Trianz was engaged by a big-three managed healthcare consortium in the US who at that time had over 7,000 beds, 209,000 employees, 21,250 physicians, and 39 medical centers in operation. 700 full-time IT support engineers managed its IT infrastructure.
The healthcare consortium was using manual processes at-scale on its IT network. This resulted in long waits – often three days in duration – to resolve critical IT incidents. Furthermore, a backlog of over 1000 work requests indicated an overworked IT department.
The healthcare client had multiple tools in-use and siloed data repositories, leading to a lack of centralization and integration. This included configuration management databases (CMDB), and incident logs.
A lack of consistency between departments led to difficulty diagnosing and remediating first-time incidents, with no notes or logs to reference if the problem reoccurred.
IT staff were perpetually reactive, fighting fires rather than extinguishing the fuel source. This prevented proactive measures such as process improvement, knowledge management, and remediation playbook creation.
The healthcare consortium approached Trianz to achieve the following business objectives:
Achieve greater customer satisfaction by reducing the number of manual workflows and operations on the network. This would ensure the timely remediation of incidents in adherence with committed service level agreements (SLAs).
Increase capabilities around reporting and visibility with SLA metrics.
Eliminate the aging backlog of IT support requests with a combination of remediation and incident redundancy solved by wider system and service improvements.

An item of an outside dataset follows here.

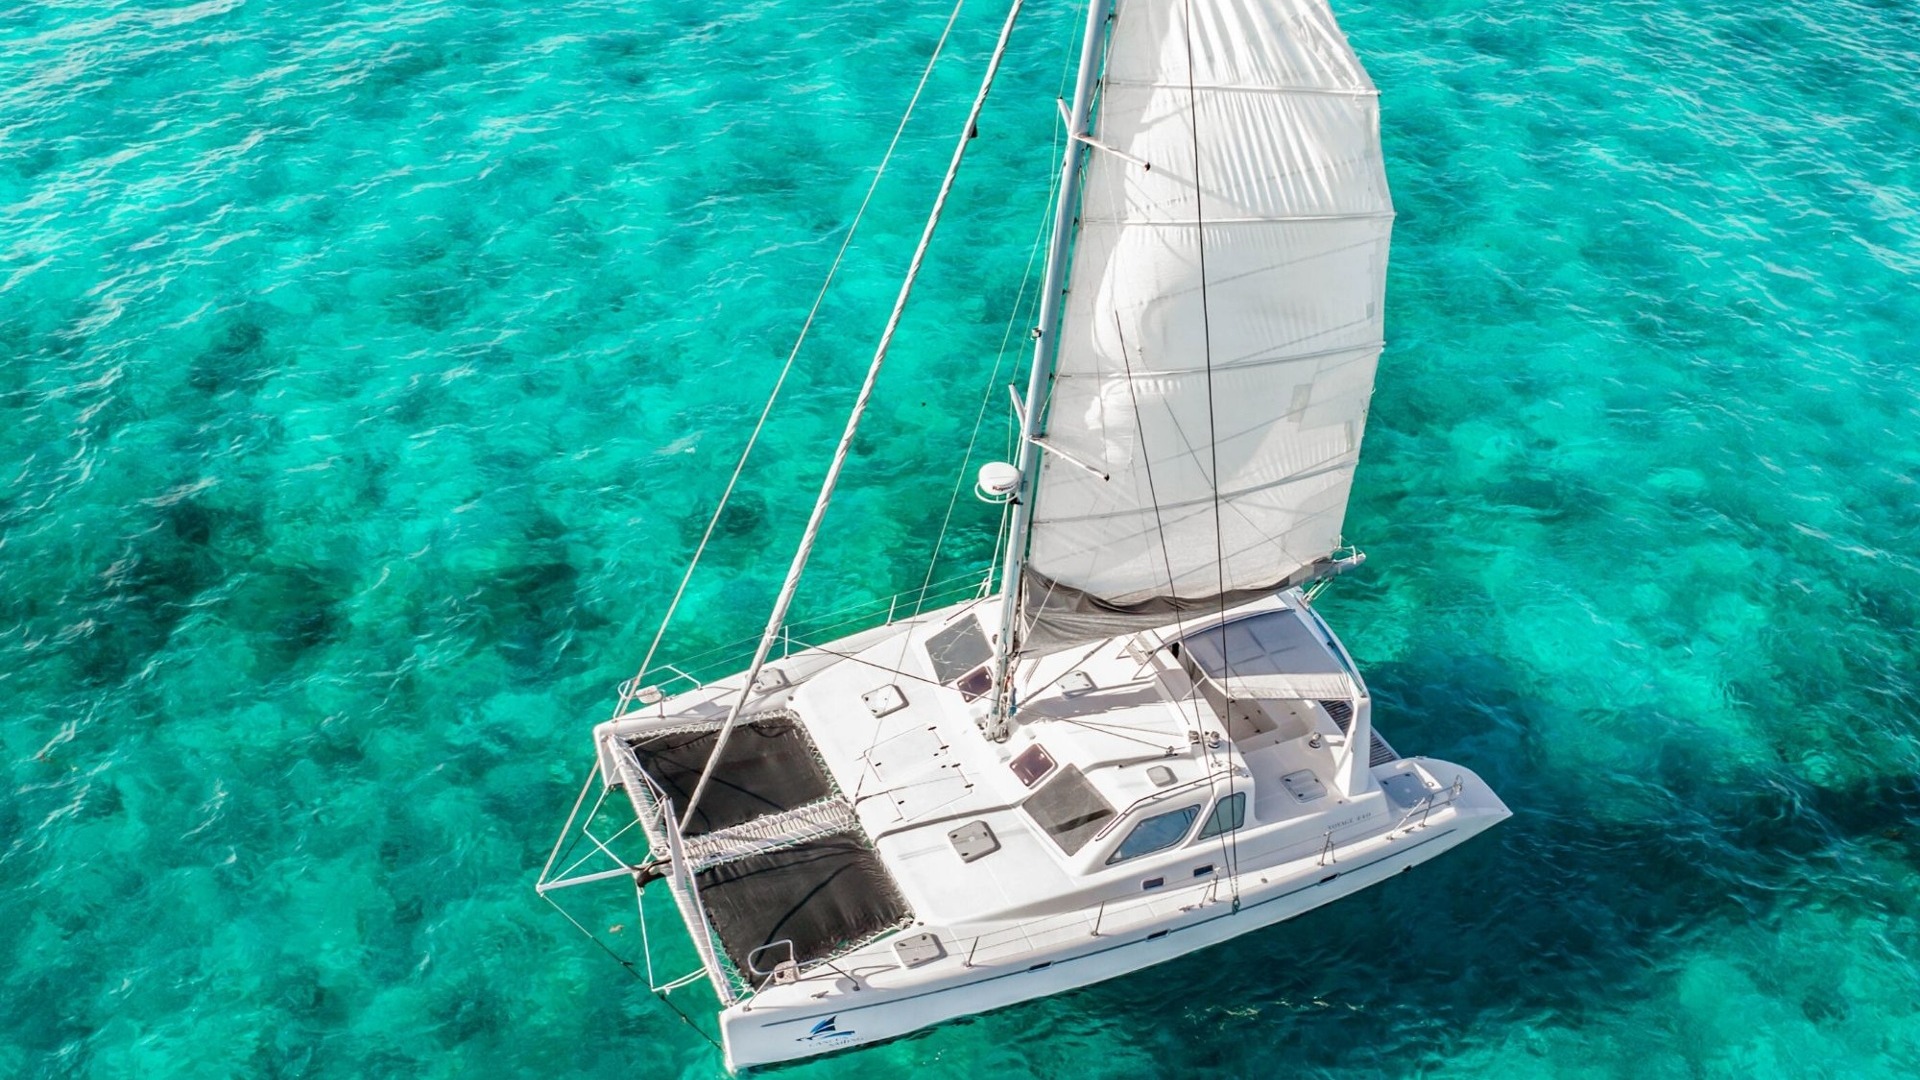 LowRes - Paradise explorer - Private Isla Mujeres catamaran tour - Cancun Sailing

Reduce the prevalence of human error with manual tasks. This would involve the digitalization of workflows and processes, enabling consistent remediation through automation runbooks. Integrations would also be stress-tested, redeveloped, and monitored to reduce incident prevalence.
Trianz worked with the healthcare consortium to adopt new technologies and redevelop old services and systems:
A new centralized Event Management System (EMS) was created consisting of IBM Netcool for network event management, BMC Remedy for IT service management events (ITSM), and ServiceNow as the centralized integration and orchestration layer.
IPSoft was implemented to enable auto-remediation based on events in the EMS.
IBM Tivoli enabled self-healing using machine learning (ML) to proactively remediate first-time incidents and escalate a service request only if remediation required human intervention.
Correlation rules were developed within IBM Netcool to de-duplicate system events, reducing event noise and fatigue among IT personnel.
Custom automation logic for IPSoft was developed to meet business objectives as defined in Scope of Work (SoW) documents. This also supported continuous ongoing development of automation scripts and playbooks.
Trianz worked closely with stakeholders, conducting workshops to identify problems employees were experiencing with current IT processes and tools. Desired outcomes were established and used to guide the digital transformation project.
A future-state of architecture and end-state visualization was supplied to promote stakeholder buy-in, showing the benefits of the new integrated solution.
The IT support desk was supplemented by temporary employees, including Trianz employees and re-assigned client employees, to reduce the backlog of past system incidents.
Infrastructure monitoring and management was delivered as a managed service, offloading IT operations management (ITOM) workloads from the IT department to prevent backlogs from recurring.
As a result, the mean-time-to-remediation for incidents was greatly reduced, ensuring the healthcare consortium could maintain adherence with all business SLAs.
The backlog shrank by 91% over the course of five months, thanks to a combination of managed service offloading and streamlined incident responses.
Overall workforce efficiency was improved approximately 20%, improving service quality and the overall customer experience (CX).